Punta San Jose: Hurry up and take your time!
September 6, 2014 ($425mxn)
Punta San Jose – Punta Baja (260km)
The next morning, as I enjoyed warm oatmeal, I leaned back on my camp chair, contemplating the vast Pacific Ocean laying before me just beyond that cliff we camped on top of, and realized the lack of pressure and stress I felt to be at any given point at a specific time. I was free to do anything and go anywhere… or to not go, and simply lay back on my camp chair and drink some disgusting coffee I had prepared knowing I generally dislike coffee, but thought I would miraculously enjoy it since I was on this trip.

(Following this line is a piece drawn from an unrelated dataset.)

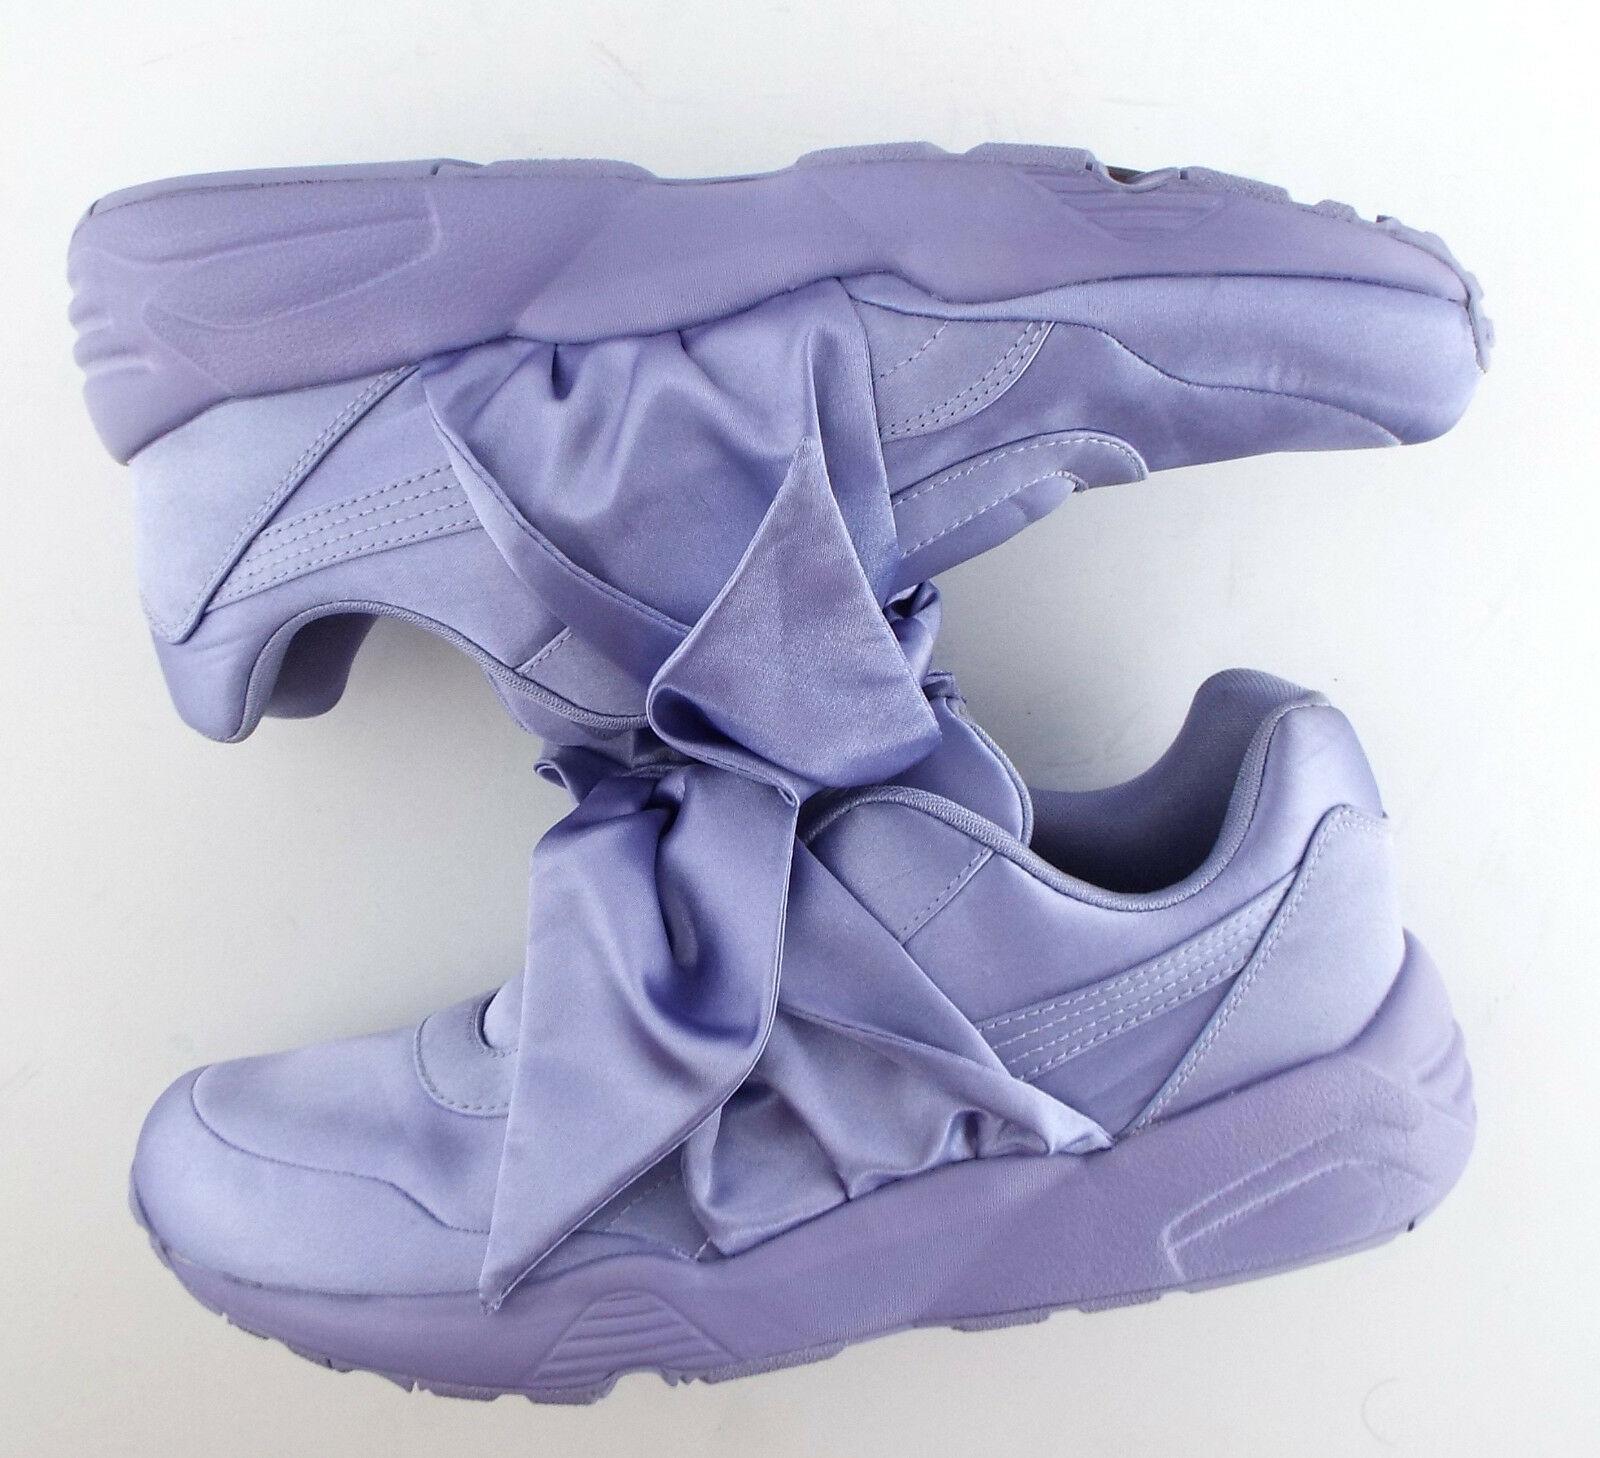 New PUMA RIHANNA Size 9 FENTY Purple Satin Bow Sneakers Shoes image 7

This state of mind would accompany me throughout the Baja California portion of this trip. I think the environment of this peninsula alludes to a stress-free and lack of pressure sensation. For the most part, it is a narrow strip of land with desert and beaches, with very few large cities and with small towns long distances apart from each other in which no one is in a rush to get anywhere, they just carry out life one day at a time. Keeping that in mind, I reflect on the fast pace of San Diego, its traffic and the push to go, to arrive, to do, to be, the nonstop hustle sometimes weighing one down, and contrast it to the slow life of these towns in Baja which, at the moment, seemed desirable. The life in this peninsula seemed so much simpler. With that, I pondered on the idea that, someone local to any of these small towns would find their stress-free environment as dull and boring and the San Diegan atmosphere as exciting and lively. I would remember this thought months later, in Guatemala, when I began to long for the city life.
After Dominic and Tom were all surfed out, we picked up shop and headed south a few hours to Punta Baja, which was also at the end of a dirt road off the main highway. The scene was not the prettiest, nor was the ground the softest, but it would be enough to get us through the night and continue on the next day.